L'ascension de la Piatra Altarului, histoire et légende

L'Oltárkö est le seul sommet des Gorges de la Bicaz - et un des rares dans ce cas en Roumanie - qui n'est pas accessible autrement que par les moyens offerts par l'escalade. Ajoutons-y son positionnement "stratégique" (les gorges de la Bicaz constituaient jusqu'en 1918 une des frontières orientales de l'empire austro-hongrois, sous administration hongroise) et on comprendra que ce pic a été au centre d'enjeux qui retracent bien les soubresauts de l'histoire contemporaine de la Transylvanie. En faisant l'historique, il nous faut parfois même remuer le couteau dans des plaies qui ne sont pas encore refermées de nos jours. Cet historique se fonde sur la base de récits pas toujours très concordants. Ferenc Wild, l'auteur de topos sur l'alpinisme dans les Gorges de la Bicaz, a dû lui-même se livrer à un minutieux travail d'archiviste avant de trouver quelques articles qui lui ont permis d'établir cette chronologie, quelques dates sont incertaines.

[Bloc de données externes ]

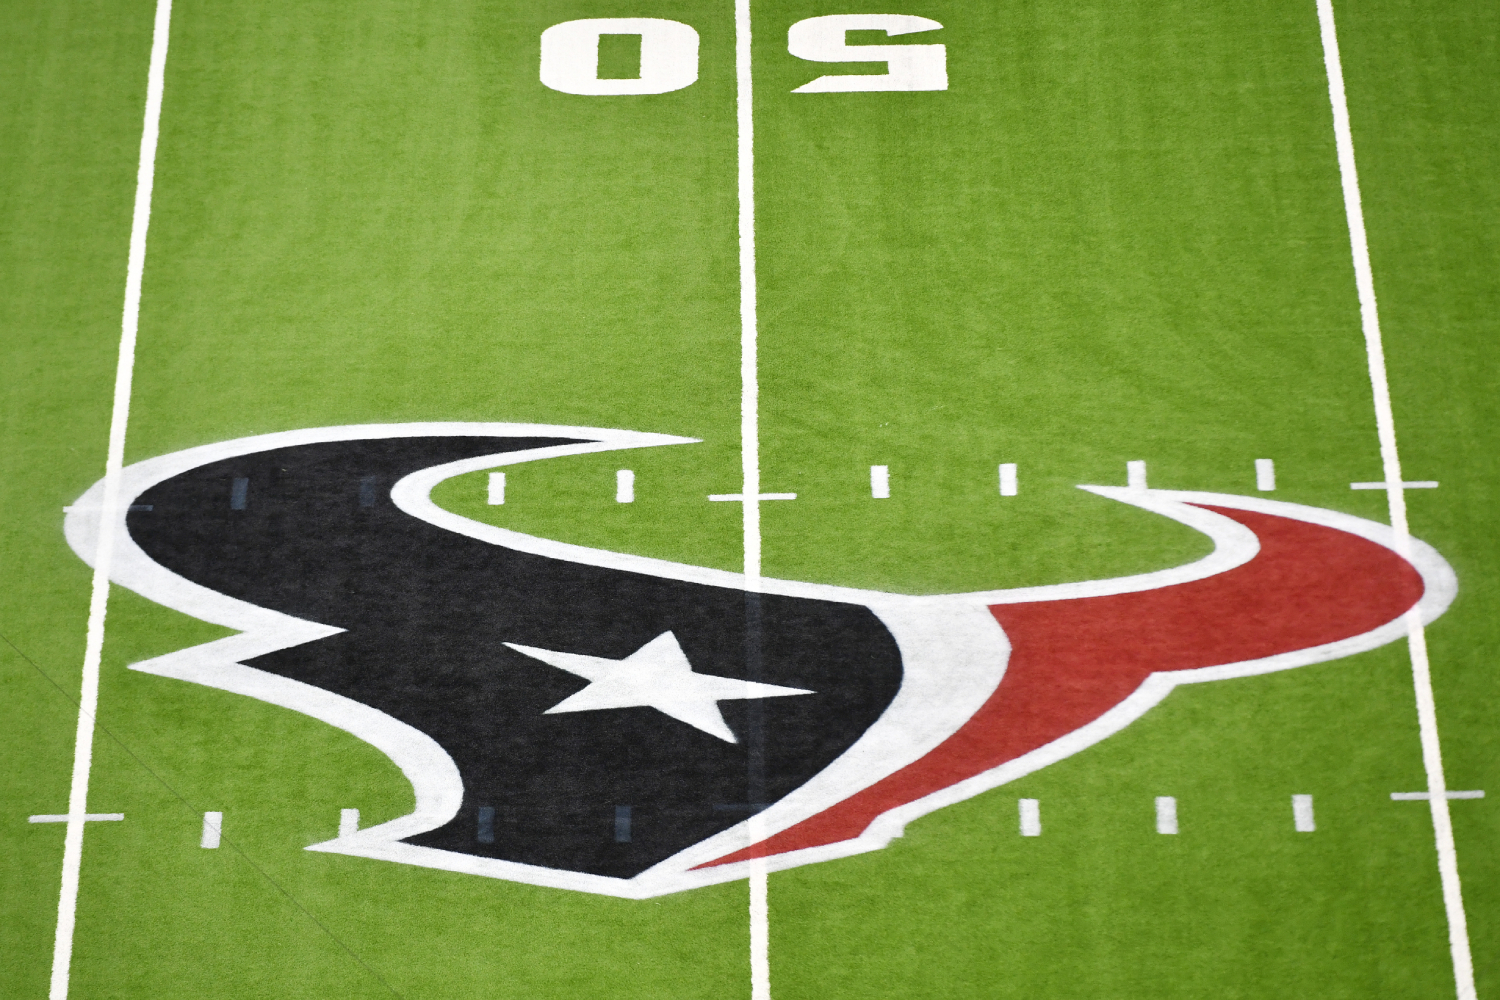 The Houston Texans made yet another baffling move.

Dans les années trente, la Transylvanie a été depuis peu annexée à la Roumanie, cette annexion est encore très mal vécue de nos jours par les communautés hongroises ainsi séparées de leur pays. Dans un milieu alpin roumain naissant mais suivant de près les progrès de l'escalade européenne, on s'intéresse à ces défis d'ascension que l'on trouve localement. Toujours dans les années trente, un bruit court : des grimpeurs venus d'Europe de l'Ouest tenteraient des ascensions dans les gorges de la Bicaz avant de s'engager sur des projets plus ambitieux dans les Alpes. Quelques tentatives ont lieu sur la Piatra Altarului mais aucune n'aboutit.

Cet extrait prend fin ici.